Hacker News new | ask | show | jobs
by raziel2p 3400 days ago
A bit hard for me to tell what happened here, maybe because I don't know anything about SVN. The two PDFs with equal SHA1 hashes were git commited to the repository, but converting that to an SVN commit failed because... SVN can't handle two separate files with the same SHA1 hash?
3 comments

This might be at fault:

> Subversion 1.8 avoids downloading pristine content that is already present in the cache, based on the content's SHA1 or MD5 checksum.

https://subversion.apache.org/docs/release-notes/1.8.html#pr...

It's likely some part of the svn implementation that assumes that the SHA1 signatures guarantee uniqueness within a repo. And they might use that hash as an identifier.

I'm guessing shattered-1.pdf and shattered-2.pdf have identical hashes but distinct contents. It's not clear for me to know why this results in a "checksum mismatch."

    Checksum mismatch: LayoutTests/http/tests/cache/disk-cache/resources/shattered-2.pdf
    expected: 5bd9d8cabc46041579a311230539b8d1
        got: ee4aa52b139d925f8d8884402b0a750c
EDIT: see https://news.ycombinator.com/item?id=13725312 for the answer
Heh, because those are the md5 checksums which don't match.

  $ sha1sum shattered*
  38762cf7f55934b34d179ae6a4c80cadccbb7f0a  shattered-1.pdf
  38762cf7f55934b34d179ae6a4c80cadccbb7f0a  shattered-2.pdf

  $ md5sum shattered*
  ee4aa52b139d925f8d8884402b0a750c  shattered-1.pdf
  5bd9d8cabc46041579a311230539b8d1  shattered-2.pdf
As you can see.
Wouldn't using both sha1 and md5 solves our problem or the fact both have collision in some cases dooms that combination ?
I asked this question yesterday. Apparently using both is not much more of a barrier than the stronger of the two by itself.

[1] https://news.ycombinator.com/item?id=13715146

[2] https://www.iacr.org/archive/crypto2004/31520306/multicollis...

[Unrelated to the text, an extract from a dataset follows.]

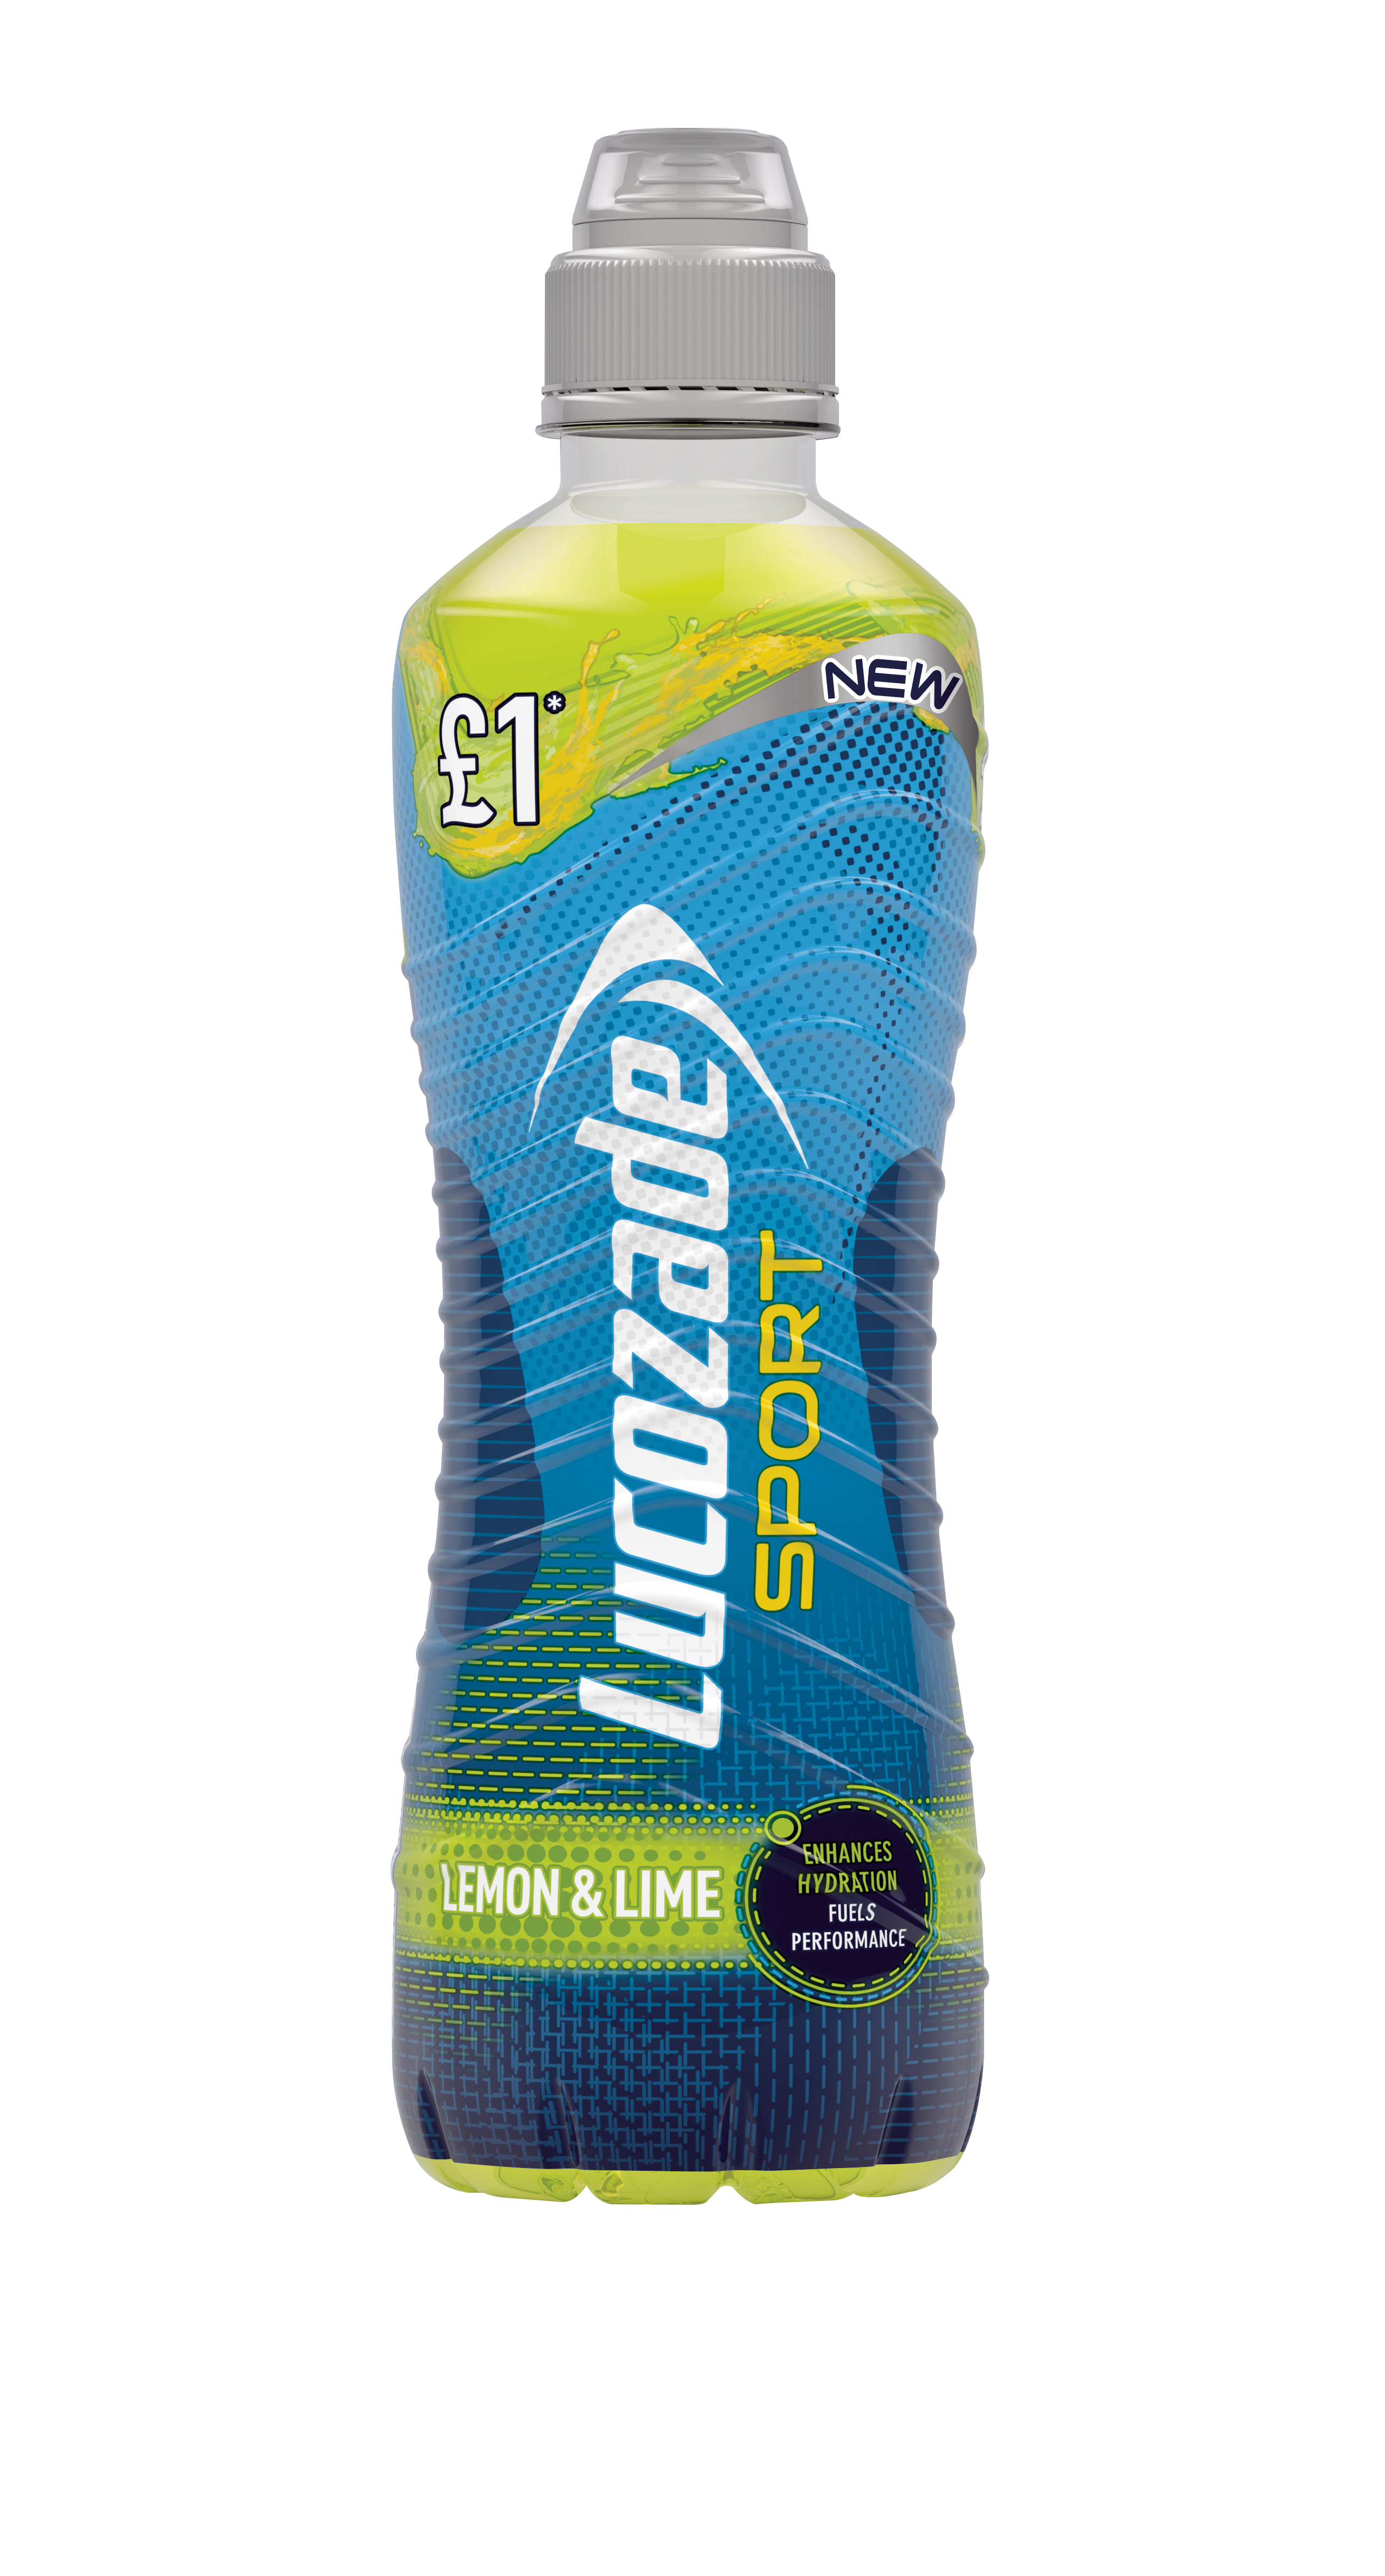 New Lemon & Lime flavour for Lucozade Sport

A 256-bit hash, even a bad one, is usually more secure than a 128-bit hash, even a good one. But a 256-bit hash designed to be used as a 256-bit hash is probably going to be better than trying to come up with your own one ad-hoc by combining two 128-bit hashes. E.g. many hash functions have parts in common, so you might not get 256 independent bits that way.
In this scenario, the reasoning usually is: since both sha1 and md5 are vulnerable, it is possible to construct a document in which both the sha1 and md5 match. I don't know the feasibility of this, nor do I know how much compute time it would add. But that is a typical argument against those type of "combine two hashes" approach
No. You can't assume that two documents match because their hash values match. That's what caused this problem. You don't solve a problem by doing the same thing that caused the problem in the first place. For any given string s of unbounded length and its hash h, there are an infinite number of strings s', s'', s''', etc that have the same hash value h. Change from 128 to 256 bit hash? Great, there are still an infinite number of collisions. Change to two concatenated hashes? Guess what: infinite number of collisions.

A hash is not a unique identifier. Period. It's only useful as a quick filter before you do a full comparison.

It's amazing how resistant people are to using hashes safely. They willfully ignore the birthday paradox and say LA LA LA 1/(2^128)=0 and because they haven't lost all their data yet they tell themselves that their shoddy practices are OK.

Or just using a single better hash would solve it (some variant of SHA-2). For the foreseeable future at least.

Edit: Mitigate it rather, not solve it.

They were directly committed to the SVN repository, apparently breaking SVN's tooling even after the commit had been deleted. The git-to-SVN mirror script was the first place where a failure was noticed and was initially thought to be the only broken bit.